И рыдали ль друзья и родные,
Не помня себя от горя?
О нет! Судьба послала
Родным иное горе,
И хоть они рыдали,
Но умер он не от хвори.
Не свинкой его раздуло,
И сыпью не корь покрыла —
Нет, вовсе не корь и не свинка
Беднягу Ботса сгубила;
Несчастною любовью
Не был наш Ботс сражен;
Объевшись сырой морковью,
От колик не умер он.
К судьбе несчастного Ботса
Склоните печальный слух:
Свалившись на дно колодца,
К небесам воспарил его дух.
Достали его, откачали,
Но уже поздно было:
Туда, где нет печали,
Душа его воспарила.

Если Эммелина Грэнджерфорд умела писать такие стихи, когда ей не было еще четырнадцати лет, то что бы могло из нее получиться со временем! Бак говорил, что сочинять стихи для нее было плевое дело. Она даже ни на минуту не задумывалась. Бывало, придумает одну строчку, а если не может подобрать к ней рифму, то зачеркнет, напишет новую строчку и жарит дальше.
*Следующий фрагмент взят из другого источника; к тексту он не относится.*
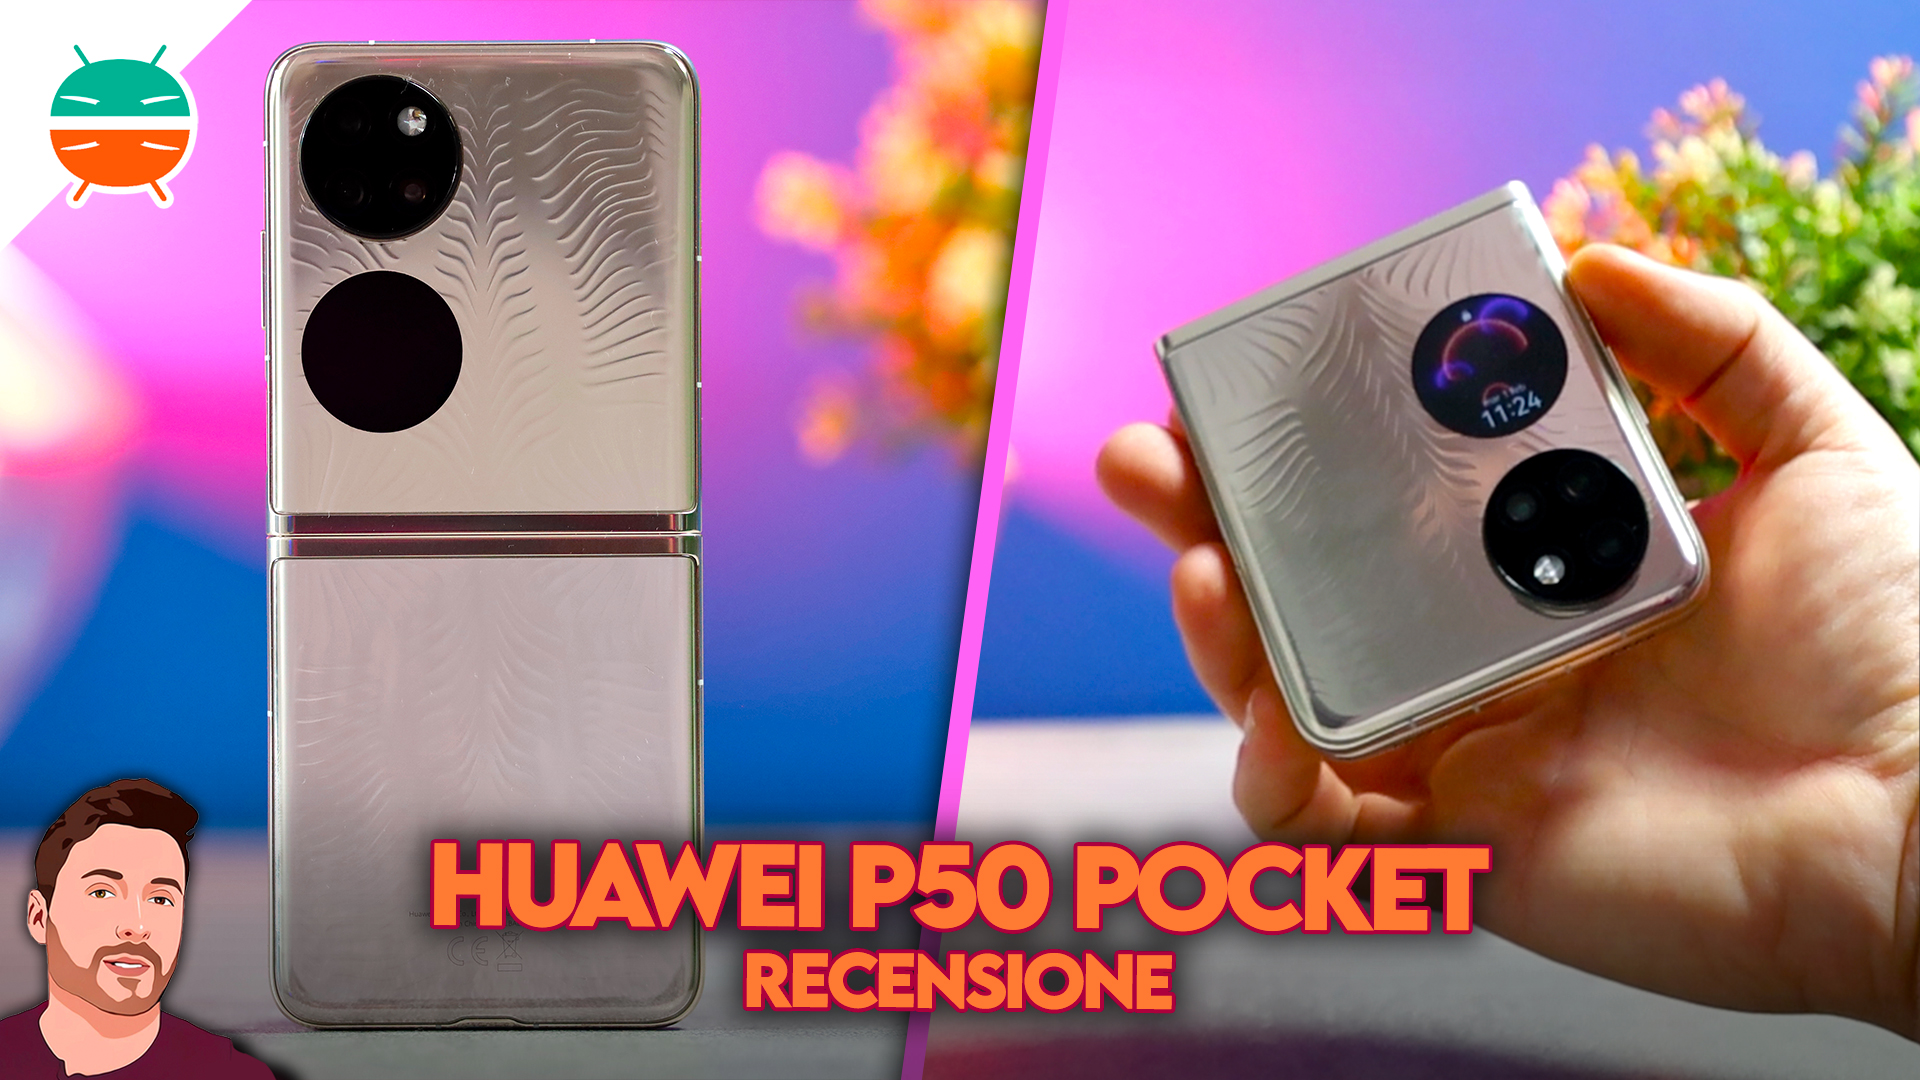 P50 pocket huawei Huawei P50

Она особенно не разбиралась и с удовольствием писала стихи о чем угодно, лишь бы это было что-нибудь грустное. Стоило кому-нибудь умереть, будь это мужчина, женщина или ребенок, покойник еще и остыть не успеет, а она уж тут как тут со своими стихами. Она называла их «данью покойному». Соседи говорили, что первым являлся доктор, потом Эммелина, а потом уже гробовщик; один только раз гробовщик опередил Эммелину, и то она задержалась из-за рифмы к фамилии покойного, а звали его Уистлер. От этого удара она так и не могла оправиться, все чахла да чахла и прожила после этого недолго. Бедняжка, сколько раз я заходил к ней в комнату! И когда ее картинки расстраивали мне нервы и я начинал на нее сердиться, то доставал ее старенький альбом и читал.